I've been thinking about participating for this so i'll try
*Name*: Nahcturne
*Likes*: Video Games, Having fun on the internet, Hiking and Swimming to name a few
*Dislikes*: People who take everything at serious value, Cockroaches, Riptides
*Fun Fact about me*: I have a current interest in psychology and have thought about becoming a psychologist a couple of times
*Xmas Spirit bot 9000*: if there's room


----------



## Haramburger (Dec 7, 2020)

In b4 lock

Name : Haramburger
Likes : Hamburgers, Beyblade toys(not the anime), video games, Welsh curse words
Dislikes : Homestuck, koreans, dangerhair (I can't wait to see spinning hamburgers with zodiac signs clashing into one another)
Fun Fact About You: I bought a Roku and it hasn't improved Crunchyroll one bit. Just pirate everything, streaming services and apps are all shit
Able to be a X-MAS SPIRIT BOT 9000? : No


----------



## Pope Negro Joe the XIIIth (Dec 7, 2020)

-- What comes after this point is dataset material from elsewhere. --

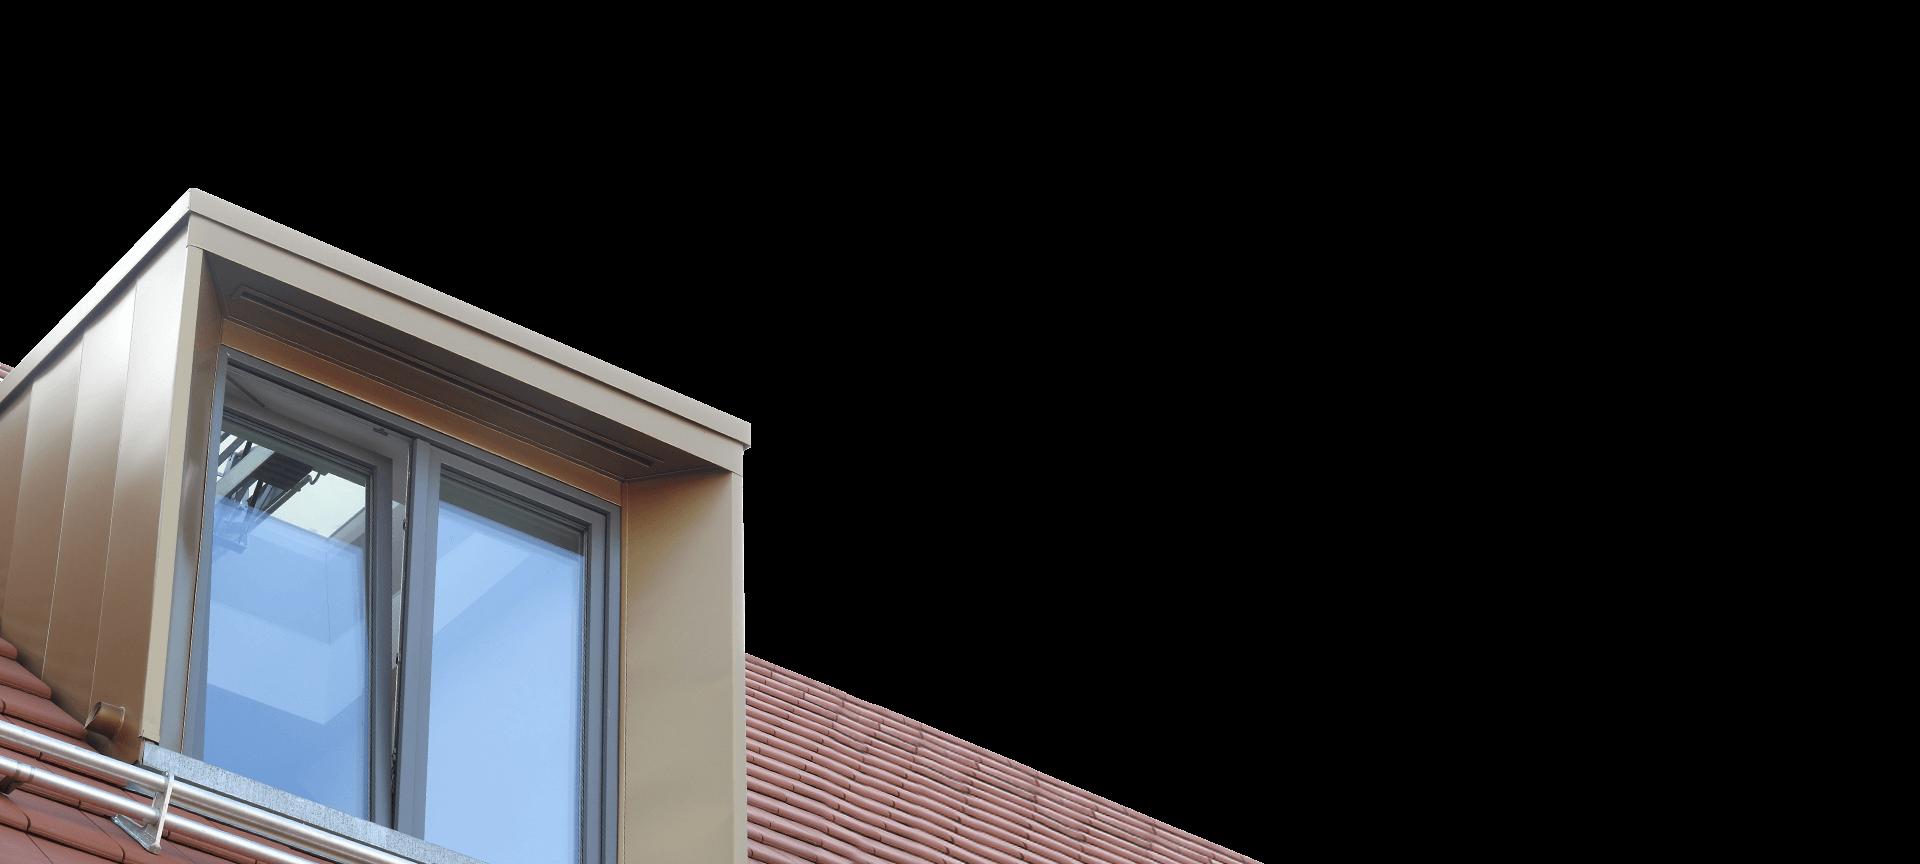 Köhler Bedachungen roland köhler dachdecker gmbh meisterbetrieb erfurt

----------------------------------------------------------------------------------------------------
 146 people, leaving us with an even distribution unless I counted wrong.
With that, Santa's lesser known but much warmer Kiwi sweatshop magic workshop is closed for the year. 
You'll be getting your assignments over the next few days, if you have any questions feel free to contact me 
or any of the helpers, and have fun with it everyone!

Merry Christmas!
-----------------------------------------------------------------------------------------------------


----------



## The Pink Panther (Dec 7, 2020)

whoever ends up being my secret santa, you better send in my gift on time or I will personally come to your house and shove my gift right down your throat

if it's a mixtape, i'll force you to listen to it till the day your tongue hits the sword of Damocles


----------



## Biden's Chosen (Dec 7, 2020)

This is the best datamining thread yet, good job and enjoy your heartfelt advertisments I'm sending your way.


----------



## The Real Me (Dec 7, 2020)

How are you guys finding your prompts? I wasn't too sure about the one I received at first but I did a little out of the box thinking and now I know exactly what I'm gonna do.


----------



## Cynically Insane (Dec 7, 2020)

The Real Me said:


> How are you guys finding your prompts? I wasn't too sure about the one I received at first but I did a little out of the box thinking and now I know exactly what I'm gonna do.


I got someone who put my race and sex under dislikes.  I too have to jump outside the box.  Haven't decided yet though.


----------



## Easy Peasy (Dec 7, 2020)

The Real Me said:


> How are you guys finding your prompts? I wasn't too sure about the one I received at first but I did a little out of the box thinking and now I know exactly what I'm gonna do.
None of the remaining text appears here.